2015 yılında Katar merkezli Mayhoola for Investments fonu ile Boyner Perakende ve Tekstil Yatırımları AŞ’de ortak olduk. Grubun bir fonla ortak olması, sermayesinin güçlü olması büyümemiz için daha iyi olduğu için tekrar bir yatırımcıya hisse vermek daha akıllıca göründü. Mayhoola, özellikle moda ve perakende alanına yatırım yapan başarılı bir fon. Geçtiğimiz mart ayında da yüzde 12’lik bir hisse satışı daha gerçekleştirdik. Böylelikle yüzde 42,68 oranında hisseye sahip oldular.
Boyner Perakende’de tekrar bir sermaye artışı yaptık. Nakit ihtiyacımızı hisse satarak elde ettik. Onlar da Türkiye’ye tekrar yatırım yapmanın kendileri için avantajlı olduğunu düşündü. Biz içinde yaşarken Türkiye’ye çok kısa vadeli baksak bile yabancı yatırımcılar ülkenin geleceğine daha somut ve pozitif bakabiliyor. Bir de biz bu ortaklıklara şöyle bakıyoruz: Bütün şirketlerimizin ve tüm portföyümüzün dinamik olması gerekiyor. Piyasanın fırsatlar sunduğu, daha büyük yatırımcı ve fon istediği zamanlarda daha çok hisse satılabilir, finansal olarak güçlü olduğunuz zamandaysa tekrar hisseleri geri alabilirsiniz. Bütün şirketleri dünya yatırımcılarının önünde hazır halde tutmak hem tehlikelere karşı hazır olmak hem büyük fırsatları değerlendirmek açısından çok doğru diye düşünüyoruz.
Şu anda planlanan bir şey yok.
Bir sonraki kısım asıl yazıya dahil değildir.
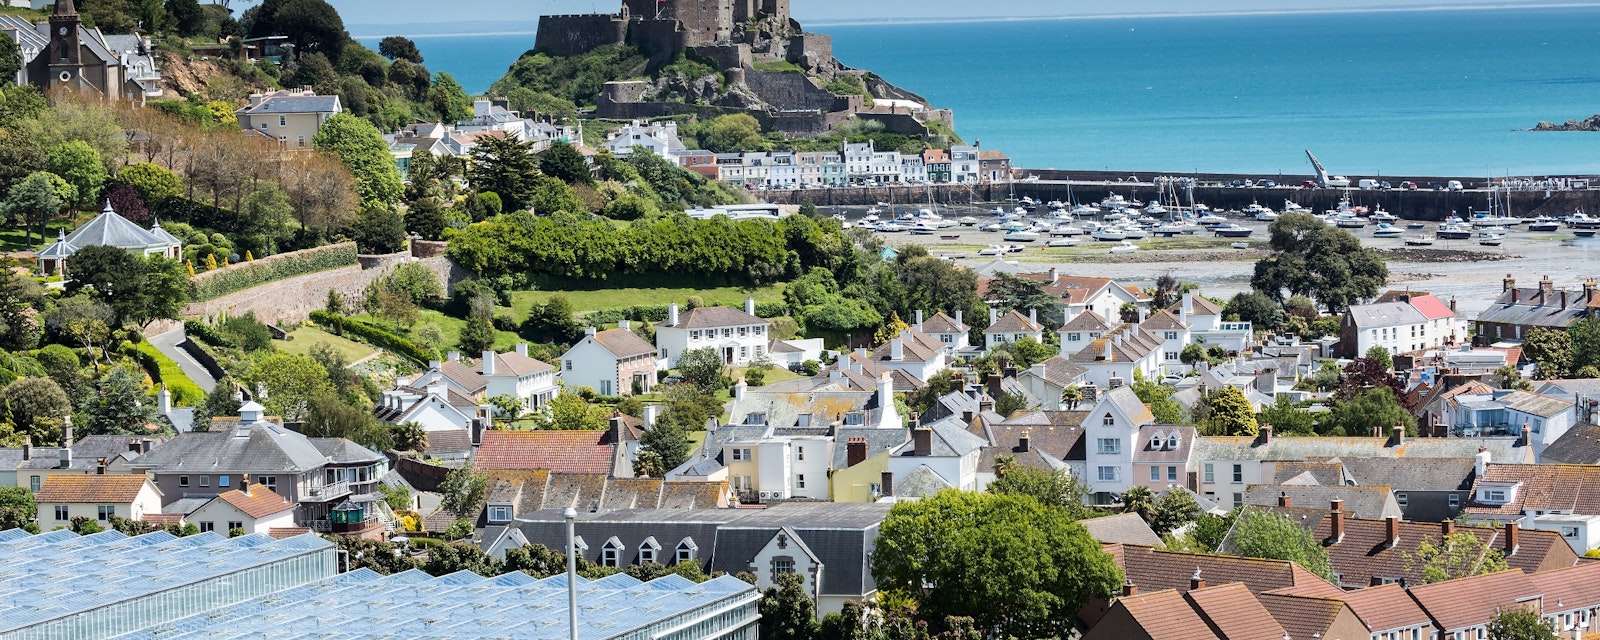 View,To,Mont,Orgueil,Castle,With,Harbour,In,Gorey,,Jersey,

Morhipo ve Hopi yatırımcıların gözünün önünde. İki şirketin de son zamanlardaki çok hızlı büyümesi ve vaatleri yatırımcı ilgisi çekiyor. Biz de bu konuda utangaç değiliz.
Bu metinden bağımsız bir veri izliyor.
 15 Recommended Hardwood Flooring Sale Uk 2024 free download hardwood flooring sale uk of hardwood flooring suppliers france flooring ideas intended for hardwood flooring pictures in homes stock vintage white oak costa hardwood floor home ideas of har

Yabancı yatırımcı şirketin büyümesine ve kârlılık büyümesine çok önem veriyor, aslında bunun peşinde. Türkiye’nin şu andaki konumuna bakarak mevcut işlerimize odaklanıp buradan maksimum sonucu elde etmeye çalışıyoruz. Anlaşmamız bu şekilde. Elimizde gerçekten kârlı ve çok hızlı gelişmekte olan büyük perakende formatlarımız var. Yeni maceralar, farklı yatırımlar yerine elimizdekine konsantre olup onları çok daha başarılı hale getireceğiz.
~
Şimdilik yurt içi odaklıyız. Yurt dışıyla ilgili elbette planlarımız var. Moskova’daki başarısız yatırımımızdan sonra artık çok dikkatli adım atıyoruz. Dikkatli bir şekilde pazar ve format seçmemiz lazım. Şu anda gördüğümüz en büyük fırsat Wepublic’in yurt dışına açılması ama bir parça Türkiye’deki işlerin durulmasını, piyasanın sakinleşmesini ve önümüzdeki 1-2 yıl için ümit vermesini bekliyoruz. Bu noktada tatmin olduğumuz an tekrar gözümüzü derhal yurt dışına çevireceğiz.
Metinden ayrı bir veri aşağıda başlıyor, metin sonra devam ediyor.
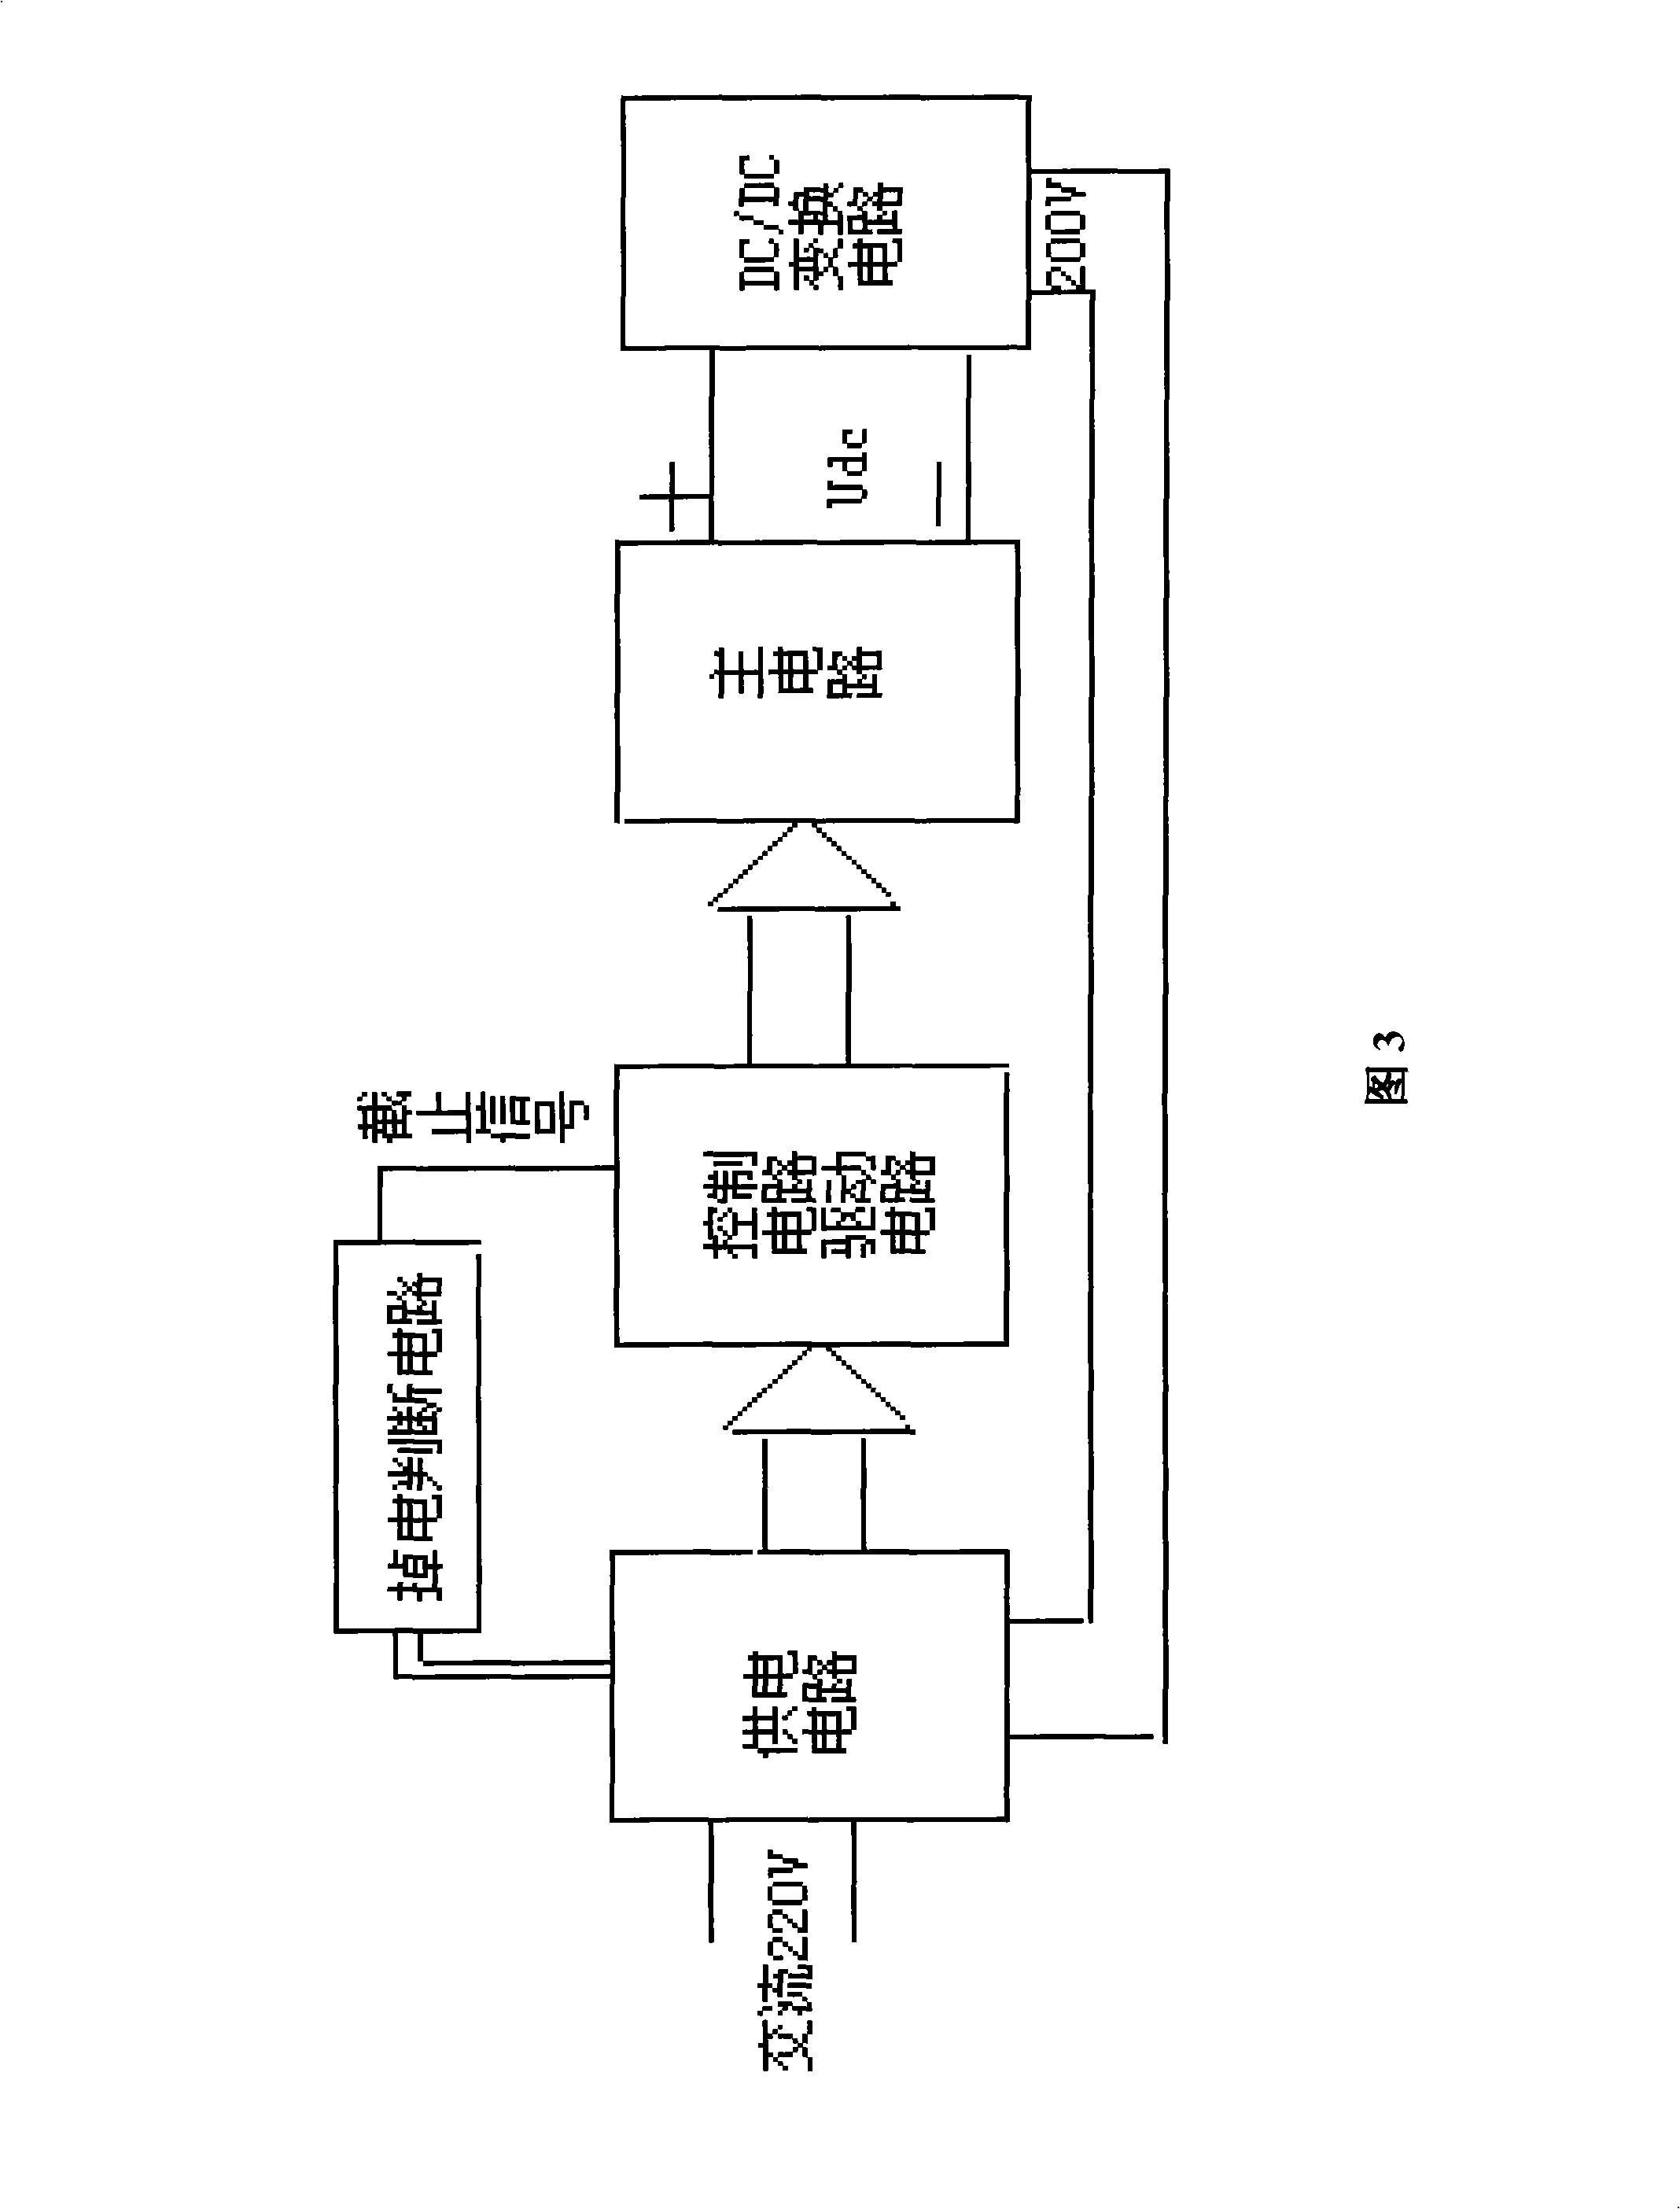 Protecting method for sudden drop of electric and electronic equipment with medium or high electric power

Yakın coğrafyaya bakma alışkanlığından uzaklaşmaya çalışıyoruz. “Coğrafya kaderindir” derler ya biz dönüp dönüp yakın coğrafyaya şirbakıyoruz ama yakın coğrafyaya baktığımızda İran çok cazip olmakla birlikte oradaki riskleri görüyoruz. Mısır arka arkaya çok ciddi politik sıkıntılar yaşadı. Orada hala 6 bin metrekare bir Beymen’imiz var, para kazanıyor ama döviz sorunları var, dolayısıyla geleceğini tam kestiremiyoruz. Wepublic projemizi başarıya ulaştırırsak o batı dünyasında büyüyebilecek bir konsept.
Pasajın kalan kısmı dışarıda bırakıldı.